** WHAT TO DO **
Each line from the start of the listing below through the line containing "Tienda De Calzado" should be reproduced exactly, with no others.
——————
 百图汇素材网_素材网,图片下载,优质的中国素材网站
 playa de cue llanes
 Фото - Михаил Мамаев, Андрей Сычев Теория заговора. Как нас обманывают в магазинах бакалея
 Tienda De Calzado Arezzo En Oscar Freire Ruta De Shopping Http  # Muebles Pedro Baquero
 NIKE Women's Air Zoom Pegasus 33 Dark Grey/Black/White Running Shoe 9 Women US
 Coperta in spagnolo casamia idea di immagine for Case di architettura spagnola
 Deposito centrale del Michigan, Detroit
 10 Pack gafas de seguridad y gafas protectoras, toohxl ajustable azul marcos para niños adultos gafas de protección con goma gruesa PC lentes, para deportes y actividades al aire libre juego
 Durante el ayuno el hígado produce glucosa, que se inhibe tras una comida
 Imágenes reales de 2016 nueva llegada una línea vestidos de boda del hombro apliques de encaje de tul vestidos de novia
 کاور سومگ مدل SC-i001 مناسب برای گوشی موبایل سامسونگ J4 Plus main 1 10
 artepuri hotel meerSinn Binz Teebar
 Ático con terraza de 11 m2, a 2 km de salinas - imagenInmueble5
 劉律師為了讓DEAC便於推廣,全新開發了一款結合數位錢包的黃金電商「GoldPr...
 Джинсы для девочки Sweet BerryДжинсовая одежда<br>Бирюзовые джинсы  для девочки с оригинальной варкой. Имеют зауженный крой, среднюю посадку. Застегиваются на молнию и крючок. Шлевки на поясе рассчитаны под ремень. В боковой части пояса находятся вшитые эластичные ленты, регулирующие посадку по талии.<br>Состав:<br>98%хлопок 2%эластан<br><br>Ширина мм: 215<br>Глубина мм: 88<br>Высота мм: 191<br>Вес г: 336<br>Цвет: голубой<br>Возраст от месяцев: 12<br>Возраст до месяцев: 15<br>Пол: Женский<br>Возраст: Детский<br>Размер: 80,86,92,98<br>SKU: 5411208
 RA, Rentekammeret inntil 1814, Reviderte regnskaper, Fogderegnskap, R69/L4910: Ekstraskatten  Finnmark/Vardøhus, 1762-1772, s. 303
——————
** EXERCISE RESULT **
 百图汇素材网_素材网,图片下载,优质的中国素材网站
 playa de cue llanes
 Фото - Михаил Мамаев, Андрей Сычев Теория заговора. Как нас обманывают в магазинах бакалея
 Tienda De Calzado Arezzo En Oscar Freire Ruta De Shopping Http  # Muebles Pedro Baquero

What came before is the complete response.